One of the examples that first comes to mind is Mario Cipollini. Second disclosure: I am in no way, shape, or form an expert of any degree when it comes to this talented rider and his background or upbringing. On face value, I am clearly aware of his success when he was in his prime. He was known not only for this sprinting talents, but an attitude all his own that wasn’t always friendly. Any Youtube search will bring up a scene of him either winning a race, or showing a more frustrated, less PR friendly behavior. I can only imagine he has been fined multiple times for these types of acts, but I never once recalled him jumping from team to team for his behavior. I’m not suggesting we all go on rampages and let the wild, and more emotional side out during every bike race. I’m providing an example of an alternative approach to a marketing campaign.

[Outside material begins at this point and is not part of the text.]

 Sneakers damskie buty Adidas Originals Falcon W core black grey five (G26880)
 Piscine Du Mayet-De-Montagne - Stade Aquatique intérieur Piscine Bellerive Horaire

Since his times racing in the pro peloton, “Super Mario” now sells boutique bikes catered to the 1% who have a fetish for all things Italian. Be that as it may, he has cleaned up his act and has sponsored a women’s team as seen here. Shifting from one end of the marketing spectrum to the other has shown that both options have the potential for success. Insert Star Wars dark side, light side analogy¬†somewhere in this paragraph.

It seems like most sponsors are afraid to show such bold opinions in the world of cycling (at least from a road cyclist’s perspective.) I’m not saying we should saturate the market with a bunch of sassy divas, but perhaps show that more humble and slightly humorous approaches to marketing grab another type of target market’s attention much like yours truly. I for one am getting a little tired of the pretentious brands that cater to the has-beens and never-weres of the world. Insert slow-mo of a road cyclist in muggy, rainy weather, riding without a helmet, out of saddle with a five o’clock shadow, looking away from the slightly dim-lit camera on some windy road. Much like the light show at Disneyland, it was fun when you saw it the first few times as a kid, but has now lost it’s magic.

I could be the only one who feels this way. Perhaps I’m letting my inner grumpy old man get the best of me. Or maybe it’s the cynic finally voicing how tired it is from seeing everyone conform to this repetitive approach to marketing the world of (I’m gonna narrow things down here) road cycling. The reason I do this is because other disciplines seem to have a better balance of humble, less stuck-up and ultra competitive at their disposal. Part of me hopes I’m not the only one who feels this way about the slowly changing world of bikes. I think I’m done for now. Time to get back on the bike and back on my routine.